Using emissions of di(2-ethylhexyl) phthalate (DEHP) from vinyl flooring (VF) as an illustrative example, we describe a fundamental approach that can be used to identify the important sources and pathways of exposure associated with phthalates in indoor material.
We used a three-compartment model to estimate the emission rate of DEHP from VF and the evolving exposures via inhalation, dermal absorption, and oral ingestion of dust in a realistic indoor setting.
A sensitivity analysis indicates that the VF source characteristics (surface area and material-phase concentration of DEHP), as well as the external mass-transfer coefficient and ventilation rate, are important variables that influence the steady-state DEHP concentration and the resulting exposure. In addition, DEHP is sorbed by interior surfaces, and the associated surface area and surface/air partition coefficients strongly influence the time to steady state. The roughly 40-fold range in predicted exposure reveals the inherent difficulty in using biomonitoring to identify specific sources of exposure to phthalates in the general population.
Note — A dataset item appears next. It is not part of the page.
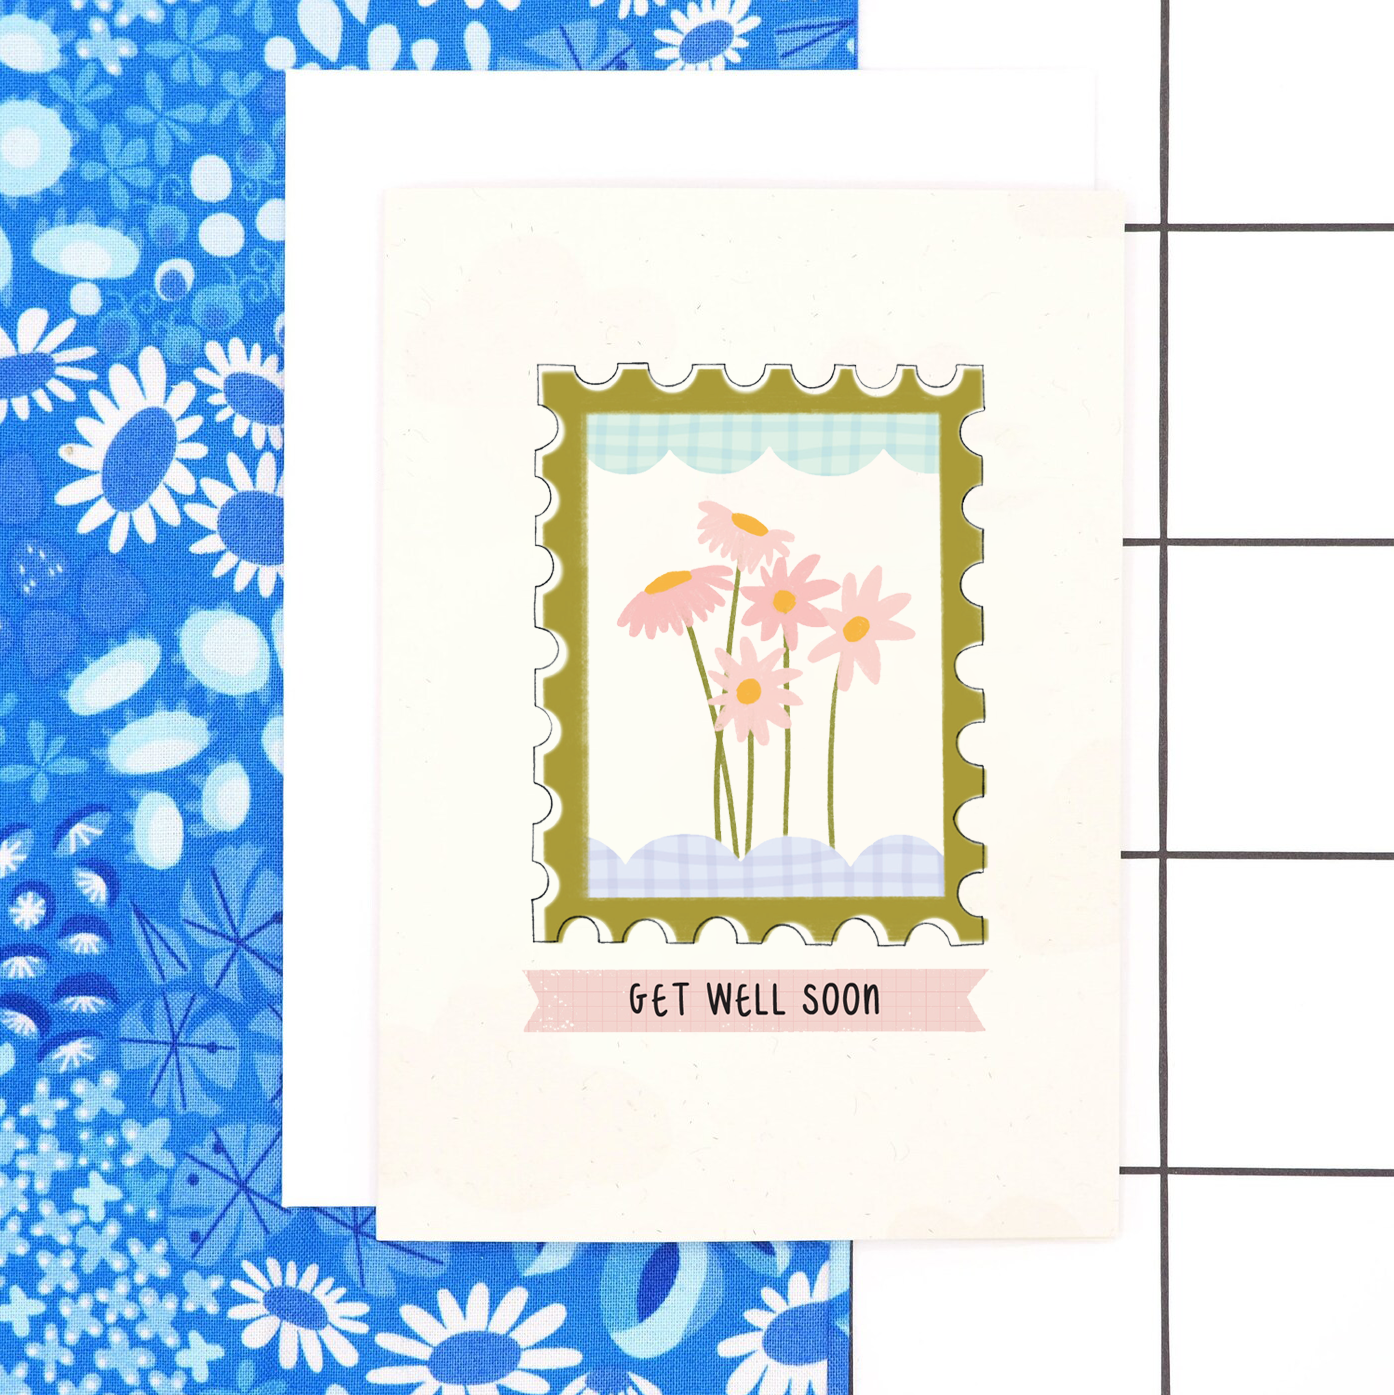 Get Well Soon 'Floral Stamp' Card

The relatively simple dependence on source and chemical-specific transport parameters suggests that the mechanistic modeling approach could be extended to predict exposures arising from other sources of phthalates as well as additional sources of other semivolatile organic compounds (SVOCs) such as biocides and flame retardants. This modeling approach could also provide a relatively inexpensive way to quantify exposure to many of the SVOCs used in indoor materials and consumer products.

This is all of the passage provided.